Just a heads up.  In many areas  of the country  Social security disability and  elder care  law are not practiced by the same attorneys.   SSDI is a highly specialized technical area  with an enormous amount of "paperwork checking" routinely done by paralegals. Fees are low contingent and fixed by law, so the firms spend as litttle time as possible with smoozing.    It is a subset of "administrative law" The firms these lawyers join are often oriented towards pensions, workers compensation and similar employment issues. They operate heavily by referrals from elder lawyers. They don't need much client contact.  Everything is done in writing and when they are done with your case, they are done.  So they are not active in developing a client base instead they develop a referral base.  (think of a cancer surgeon)

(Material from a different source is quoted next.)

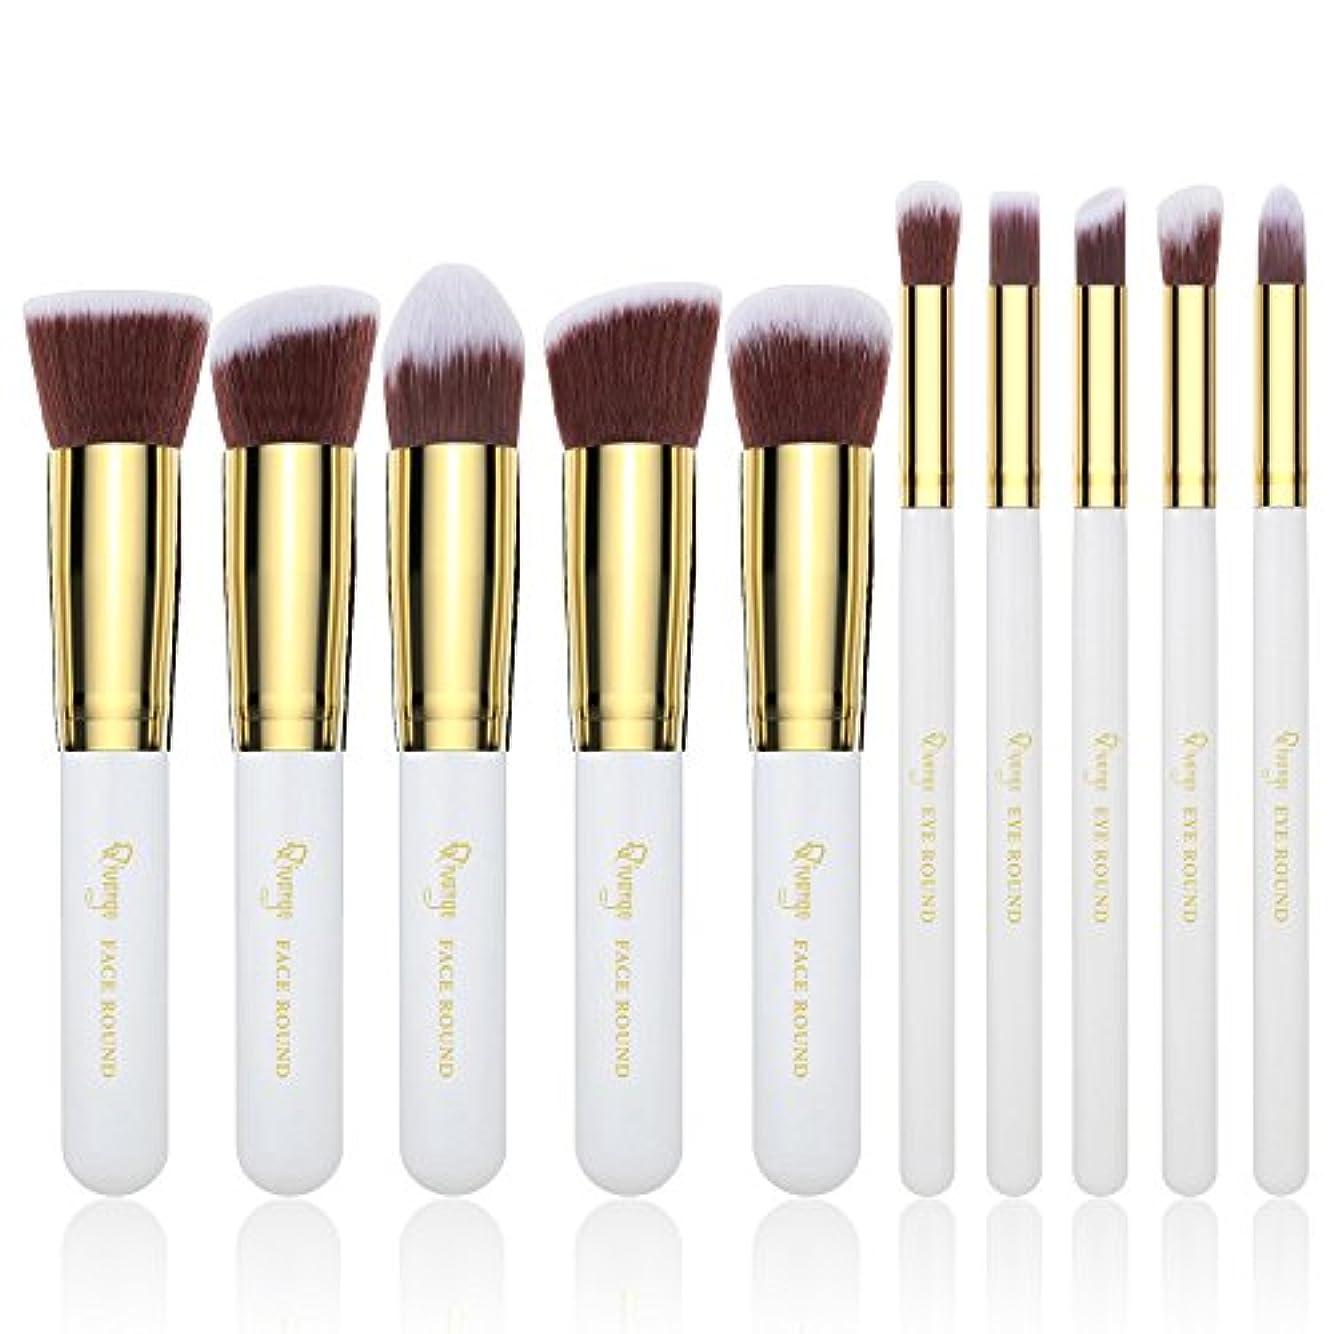 素人プレゼントパノラマQivange化粧筆 メイクアップブラシ 10本 高級繊維 基本的なメイクブラシセット 肌触り気持ちいい(ホワイト+ゴールド) …

Elder care law grew out of trusts and estates.  They do wills, powers of attorney, guardianships, handle open estates, deal with complex property transfers and estate and tax planning.  They do tax returns. They do medicaid planning and routinely hire medicaid specialists. they have a lot of client contact so are normally local to the client and work to develop a client base.(Think of an internal medicine GP)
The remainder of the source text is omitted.